Аж офигел сам от себя, так удивился!
***
Мужики не плачут. Им можно только три скупых слезы за всю жизнь и только на похоронах лучшего друга.
А Архип ревел. Благо, когда живешь один, это никто не видит. Он перерыл рюкзак, искал что-то из прошлого. И старого — волшебного. Когда магия была с ним.
Нашел.
И кисти нашел, и краски.
Рыдал.
Так и не понял, что это было, когда и как все растерял. Где ошибся. Где себя жестоко наказал.
Все скопом прощал и отпускал себе. Молился. По-детски “Боженька, прости. Прости дурака, а? Давай помиримся…”
И снова начал рисовать.
Картины у Архипа были роскошные. Глубокие.

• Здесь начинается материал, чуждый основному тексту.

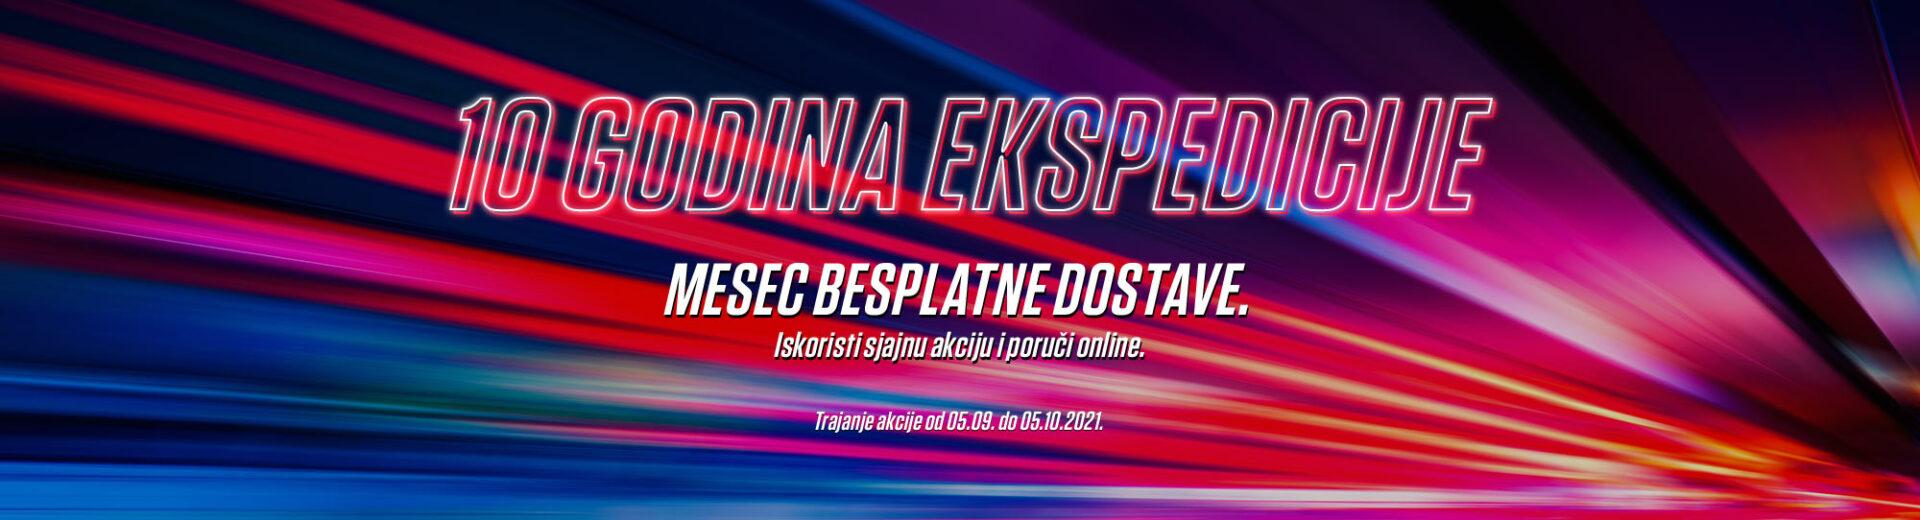 ekspedicija 10 godina desktop 02

Со смыслом. Залипательные. Он их редко продавал. Когда очень просили только.
Легко дарил.
Для него рисовать было его магией. Он рисовал яблоки, а колдовал себе встречу с любимой.
Создавал море, и небо, и облака, а в реальности прорастал его дом.
Выписывал листья смородины, а в голове крутились мысли про новый бизнес.
Дальше были цели, планы, и много-много пахоты. В спортзале. С учителем китайского. Медицину он взял за жабры и отжал для своего тела все. Служители Асклепия не подвели, и Архип уже через год был в своей лучшей за всю жизнь форме.
Больше всего сил ушло на работу-работу-работу.
Через пару лет денег снова стало дохрена. Появились друзья. С любовью пришлось как следует поволшебить. Он даже курс по портретной графике прошел, освежить в памяти.
И оно случилось. Состоялось.
То самое, которое “любовь стоит того, чтобы ждать”.
Он не стал заводить спаниеля себе, не настолько был сентиментальным. А вот Ангелу и его хозяйке, бабульке, до самой их смерти, подарки, корм, витаминки, фрукты и вкусняшки слал.
И обязательно — что-то волшебное, подарок на Новый Год.